Draft Blog Entries

% fortune -ae paul murphy

plagiarism, Gibberish, IEEE, and the textbook business

About two weeks ago a regular register contributer rejoicing in the name of "Verity Stob" published a story called "Educating Verity" about enrolling for an Open University course on object oriented design - only to find that one of the key papers offered for discussion was largely irrelevant to the topic, filled with gibberish, and at least partially hacked together, without attribution or acknowledgment, from work done by others.
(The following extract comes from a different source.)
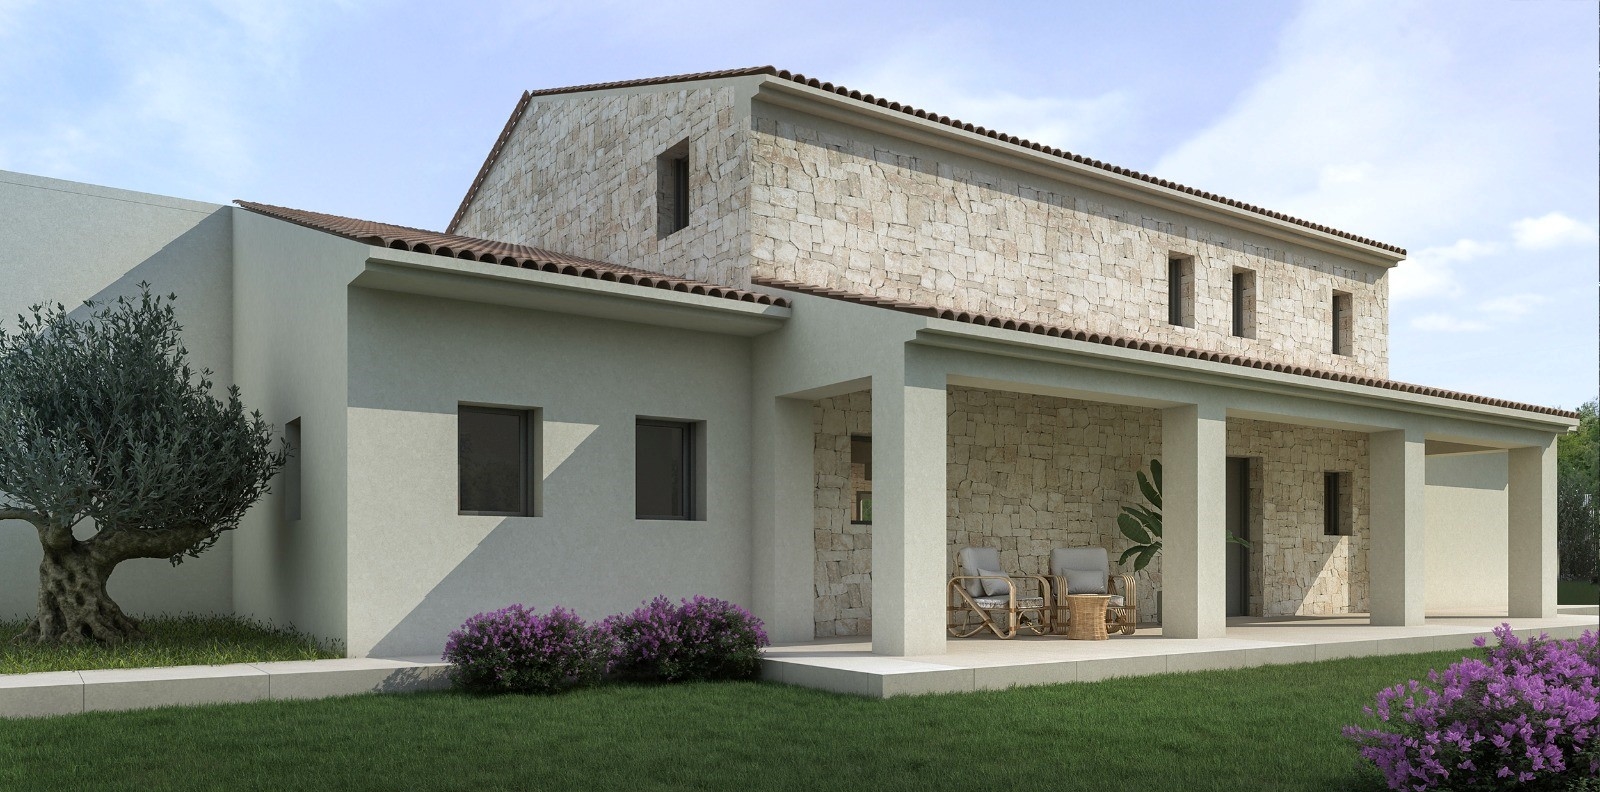 Nieuwbouw villa in mediterrane stijl te koop in Moraira, Costa Blanca

Another register correspondent later reported on his efforts to get the Open University and the IEEE, which had published the offending paper in IEEE Software (a prestigious, peer reviewed, academic journal) to either defend or modify their actions, but essentially got stonewalled on the gibberish and relevancy issues - and could get the IEEE to move no further than a weak acknowledgment that:

... this paper has been found to be in violation of IEEE's Publication Principles.
This paper contains portions of original text from the sources cited below. Text from Paper 1) was reused without attribution. Text from Paper 2) was reused with attribution but without being clearly delineated from the above authors' own text.

With that in mind, I'd like to focus on the content quality issue. Here's the example from Stob's first article on this:

The following is one of the passages we were instructed to discuss in our homework. It purports to explain how companies choose open source software.
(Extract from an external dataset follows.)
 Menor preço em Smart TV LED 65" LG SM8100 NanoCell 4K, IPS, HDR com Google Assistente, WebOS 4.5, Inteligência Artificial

Open source projects that are too platform-specific aren't good either. For example, many open source content management system developers have based their spawning, multiple (often competing), and derivative projects on a single platform. To develop them into useful applications requires excessive, code-based customization. While extensibility is important, customers expect to see the inclusion of core features, together with the ability to configure key settings. Open source components with low code volatility, high platform heterogeneity, and high configuration and optimization space are the best choices. Robust test cases and user credibility are other dimensions developers must consider to identify the right components.

I assure you that context improves the sense of the above not one pica-jot.

I spoke to a completely credible liberal academic (my wife) on this and was told that the paragraph quoted may not exemplify the clearest use of English but makes perfect sense - in the sense that a reader of goodwill can easily make sense of it.

I can't. It must be the lack of goodwill toward idiots that comes from actually knowing something about the subject - but, as Stob illustrates, the key sentences here do make sense if you put back the words that were deleted during the plagiarizing process:

I can't remember, now, the exact phrase that led me to Tony Byrne's article Open-Source CMS: Prohibitively Fractured? on the CMS Watch site. But something, perhaps 'spawning, multiple (often competing)', led me to this:

Many leading open-source CMS projects have resigned themselves to becoming development "platforms," spawning multiple (often competing) derivative projects to undertake the difficult work of actually fashioning products that will appeal to real business users. To be sure, building a good platform is hard, too. It takes a lot of architectural savvy, trial and error, and constant refactoring. (Certain Apache projects fulfill important lower-level functions and properly remain platforms rather than polished products.) But a platform doth not a CMS application make.
This trend is ironic, because much of the criticism of bloated or failed CMS projects has centered around the commercial products involved being too "platform-oriented" and therefore requiring excessive, code-based customization to convert into practical CMS applications. Extensibility is important, but savvy customers expect to see the inclusion of core features, together with the ability to configure key settings via simple browser interfaces.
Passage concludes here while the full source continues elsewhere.